It is therefore possible to move all the processes used by a given item of equipment. This can in particular make the application independent of this item of equipment, for example in the case of a computer being down for maintenance or replacement.
With a similar objective, the invention also proposes to use the above method in order to produce a method for the suspension of a software application comprising at least one process executed on at least one computer, this suspension method comprising the following steps:

- capture of the state of all the processes of the application, by a method such as described above;
- use of the result data, originating from the capture, in order to store a software object called checkpoint, representing a state of this application at a point of its execution;
- use of data from the checkpoint in order to restore at least one or more clone processes into a state reproducing the state of all the captured processes.

It is thus possible to back up in the storage means all of an application in its state at a given moment. Such a backup can then be saved and stored, for example as evidence or for security.
The restoration step may be carried out on the same machine or on another, at the chosen moment. It is thus possible to facilitate the maintenance or replacement of a machine, in particular if it is not possible to transfer the application into another part of a cluster. Therefore, it is also possible to facilitate the transfer of an application to one or more other machines, for example with which there are no direct digital communications.
Another aim is to propose a method for carrying out an improvement in the continuity of operation of a software application being executed in a multi-computer architecture.
This aim is achieved by a method for reliabilizing the functioning of a software application, termed reliabilized application, executed in a multi-computer architecture (cluster) and providing a given service, at least one process of this application being executed at a given moment on at least one computer from the cluster, called primary or operational node, other computers from said cluster being called secondary nodes.

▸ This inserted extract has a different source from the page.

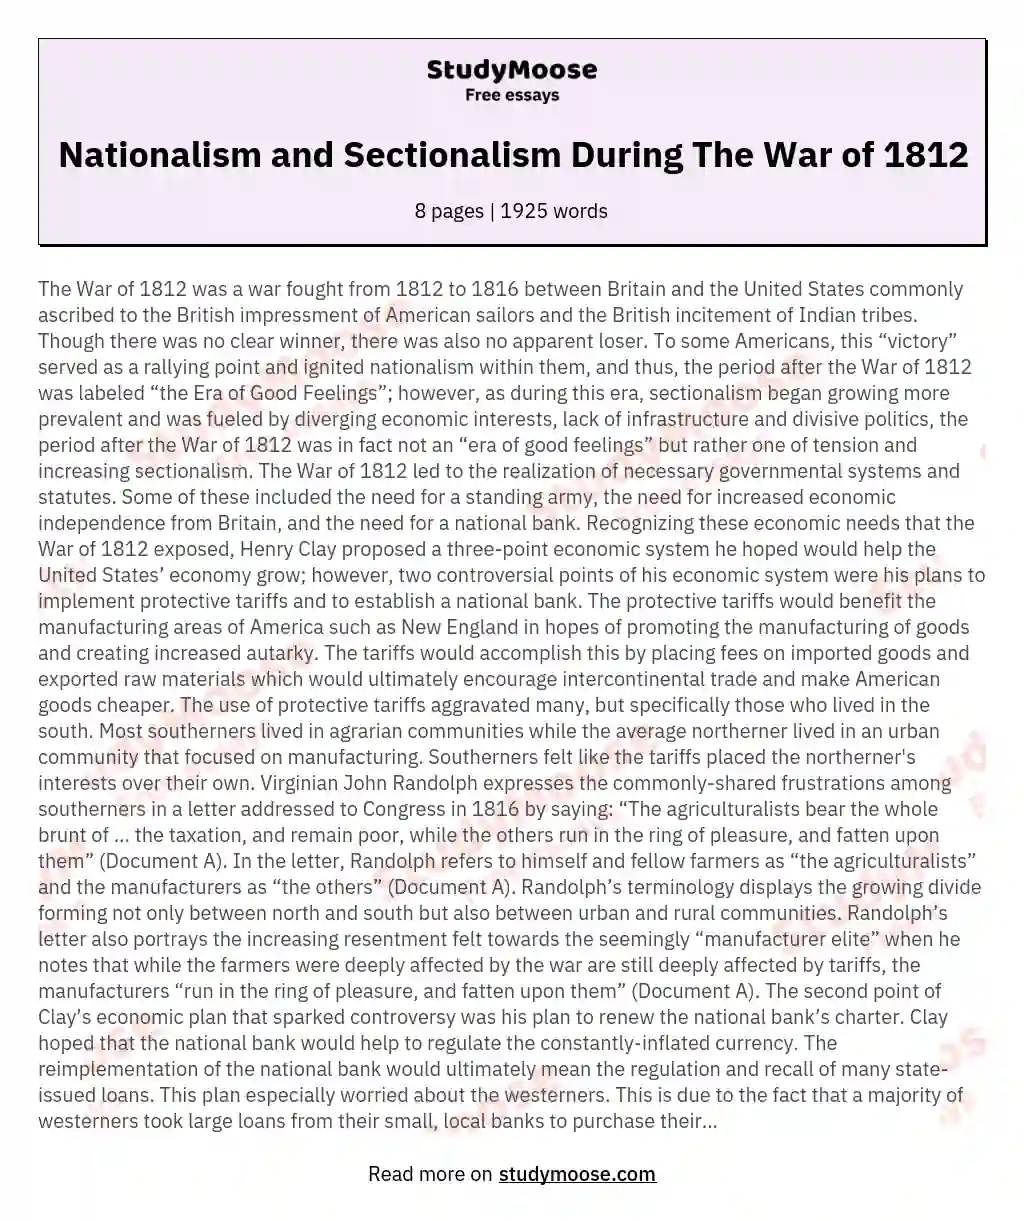 Nationalism and Sectionalism During The War of 1812 essay

This reliabilization method implements a management method as described above in order to carry out at least one capture operation and at least one restoration operation, and comprises the following steps:

- capture by at least one controller process of the state of all the processes of this reliabilized application;
- use of the result data, originating from the capture, in order to store a software object called checkpoint, representing a state of this reliabilized application at a point of its execution;
- detection within the operational node of a hardware or software failure affecting the functioning of the reliabilized application;
- use of all or part of the checkpoint data in order to restore, on at least one secondary node, one or more processes of a backup application into a state reproducing the state of all the processes of the reliabilized application;
- switching all or part of the service to the backup application of at least one of said secondary nodes.

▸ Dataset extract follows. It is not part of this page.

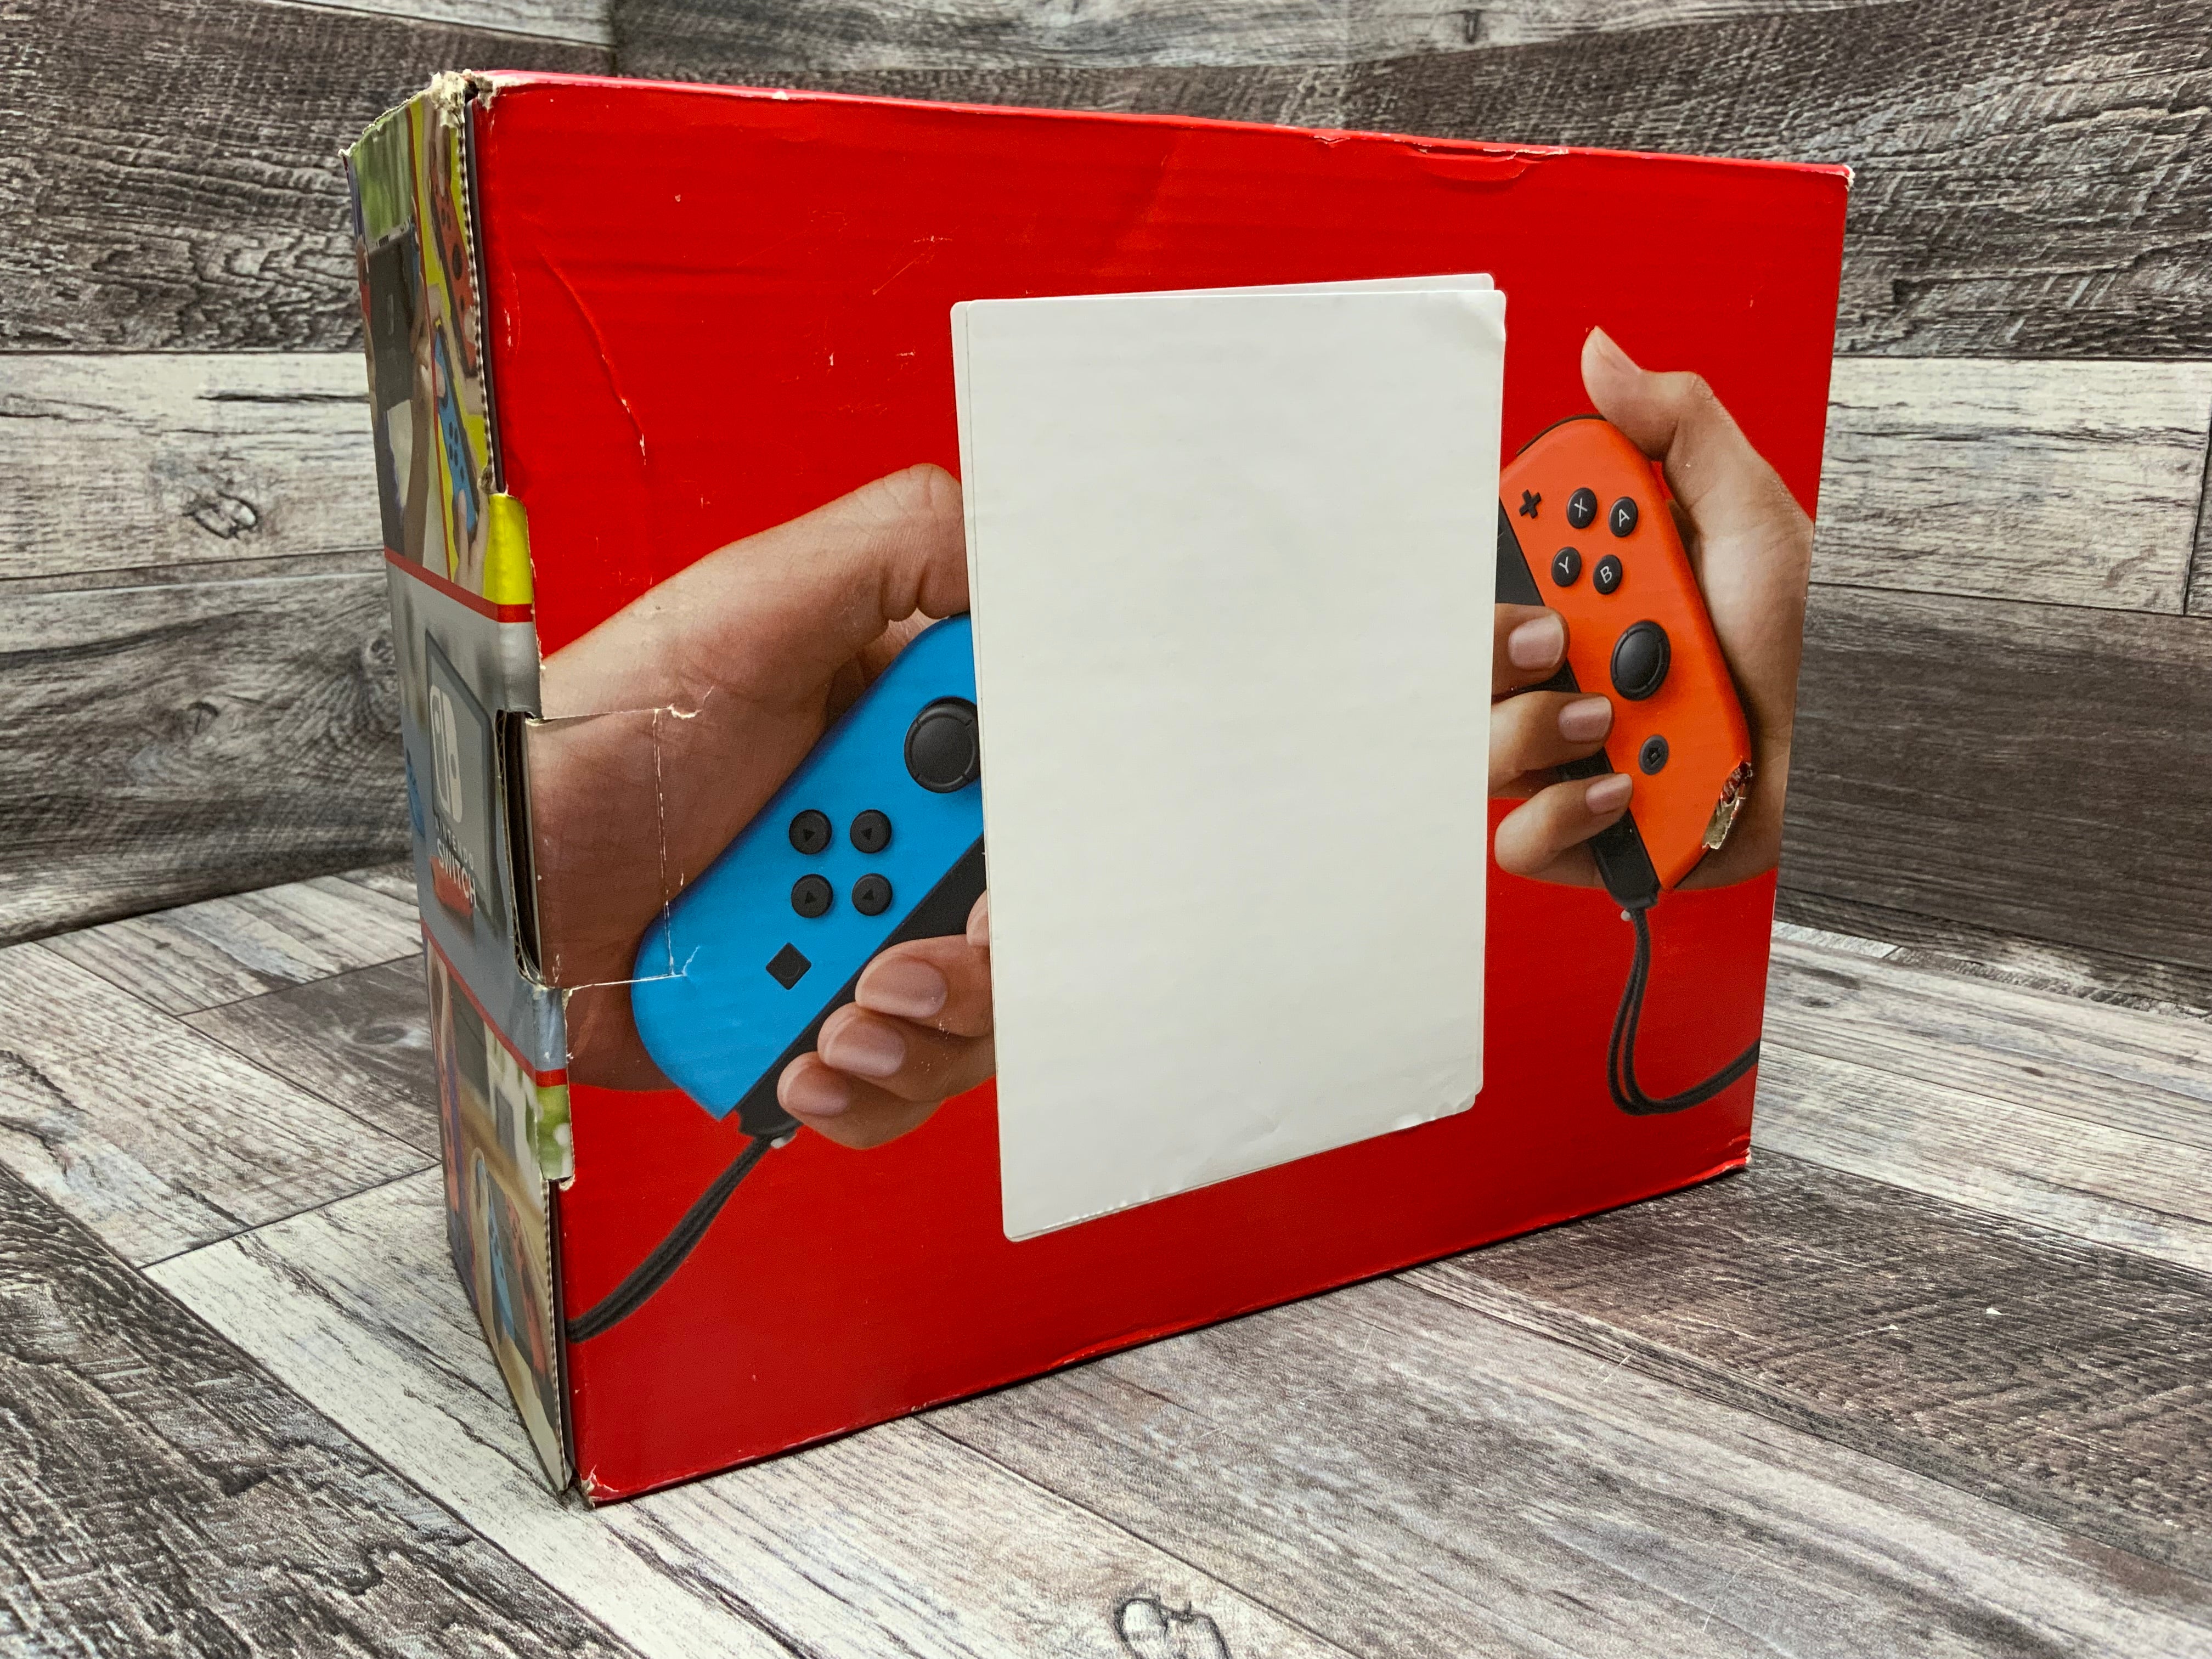 Nintendo Switch with Neon Blue and Neon Red Joy‑Con (8079135604974)

More particularly, the method for managing the functioning according to the invention may associate, selectively or not selectively, capture operations to restoration operations in order to produce a holistic replication of the state of an application, termed original, into a clone application. The replication method described above is then implemented in order to replicate all the processes and resources from the original application as processes and resources in the clone application.
According to the same inventive concept, this method of continuity of functioning may of course update or restore one or more clone processes after detection of a failure rather than before, or carry out a combination of both.
Thus, the invention also proposes a method for reliabilizing the functioning of a software application, termed reliabilized, executed in a multi-computer architecture (cluster) and providing a given service, at least one process of this application, termed reliabilized process, being executed at a given moment on at least one computer from the cluster, called primary or operational node, other computers from said cluster being called secondary nodes, this reliabilization method comprising the following steps:

- implementation of a holistic replication method in order to replicate, on at least one secondary node, a backup application in a state identical to that of the reliabilized application;
- detection within the operational node of a hardware or software failure affecting the functioning of the reliabilized application;
- switching of all or part of the service to said backup application of at least one of the secondary nodes.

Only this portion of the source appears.